» **Exercise instructions**:
Shown below are entries with pictures; the line with "Buena Vista Social" through the line with "South Carolina State" is the span to retype exactly, and the pictures stay out.

» **Extracted data**:

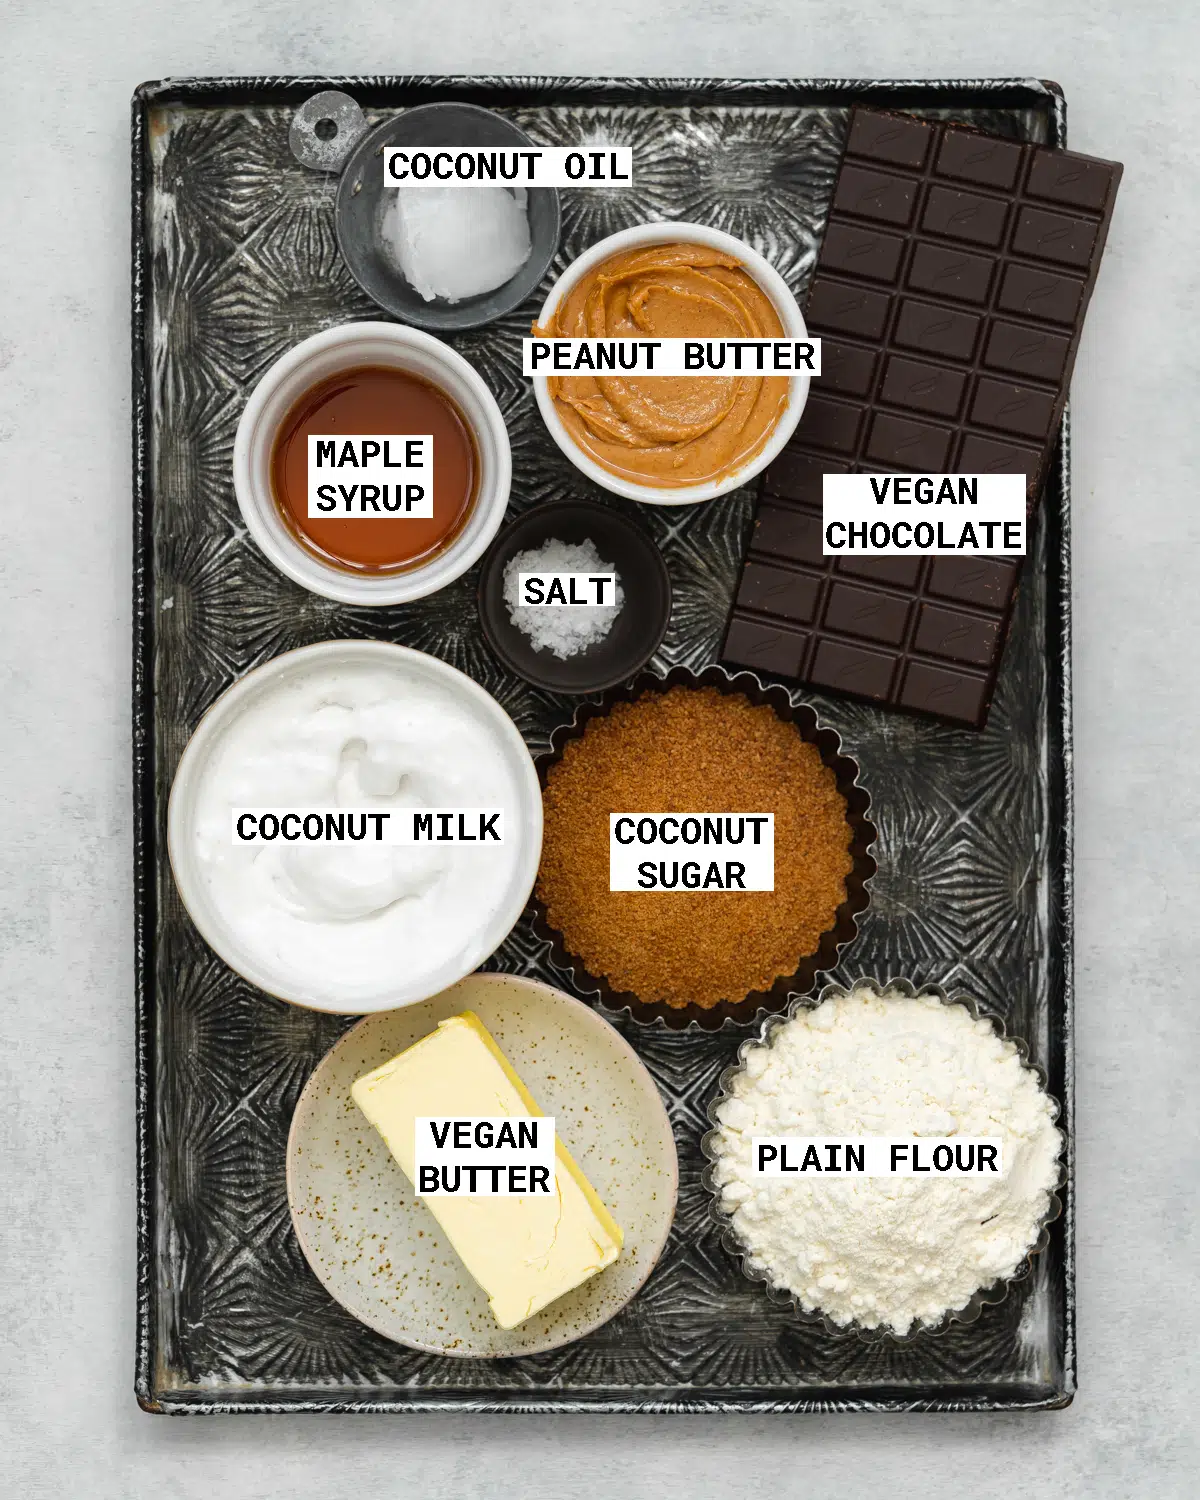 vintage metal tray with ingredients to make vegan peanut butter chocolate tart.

--

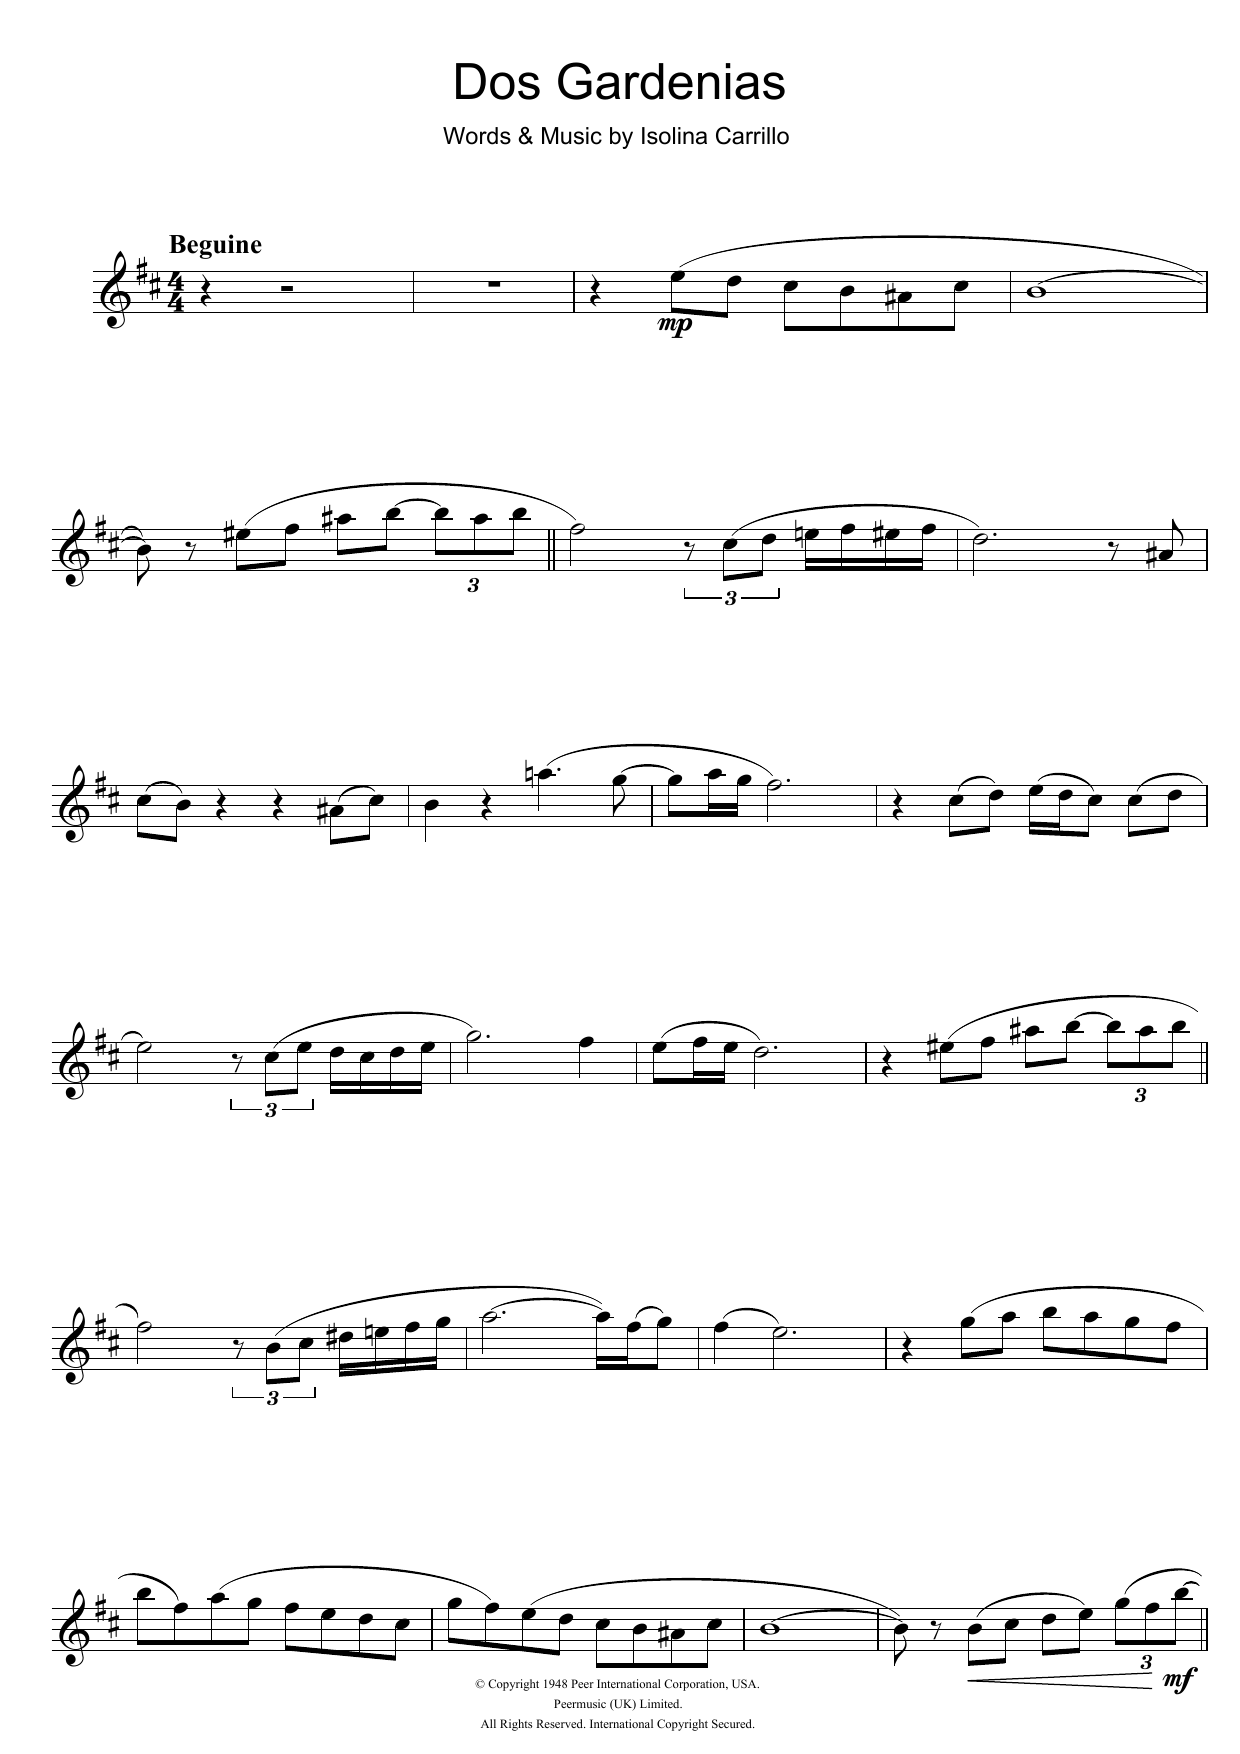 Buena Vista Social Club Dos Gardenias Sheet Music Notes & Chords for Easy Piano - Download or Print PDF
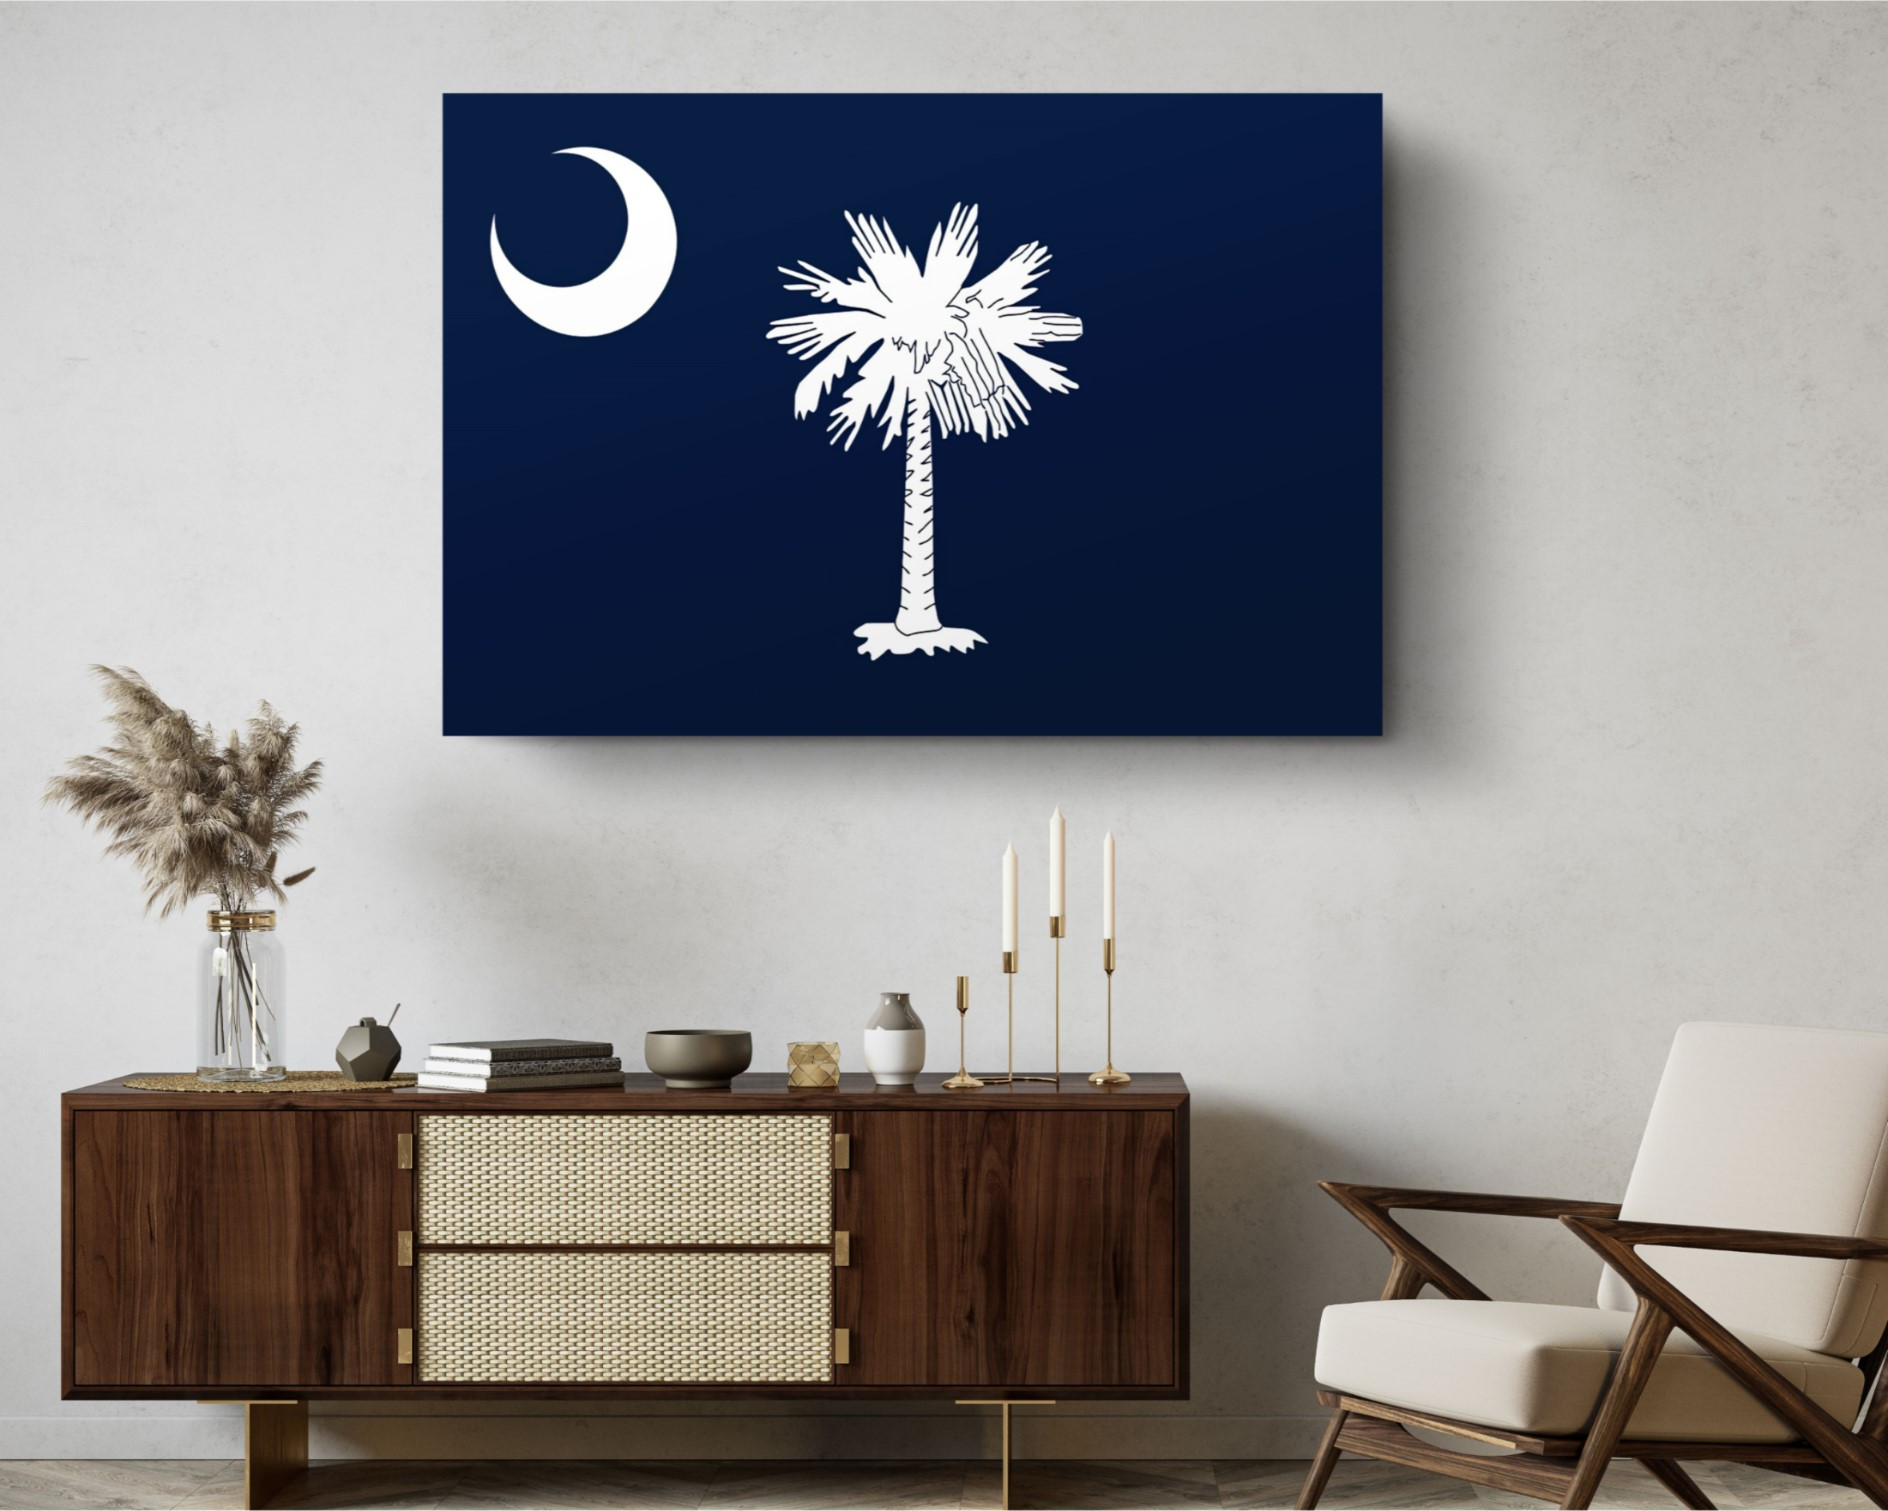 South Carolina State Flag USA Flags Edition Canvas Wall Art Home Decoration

» **Result for this exercise**:
 Buena Vista Social Club Dos Gardenias Sheet Music Notes & Chords for Easy Piano - Download or Print PDF
 South Carolina State Flag USA Flags Edition Canvas Wall Art Home Decoration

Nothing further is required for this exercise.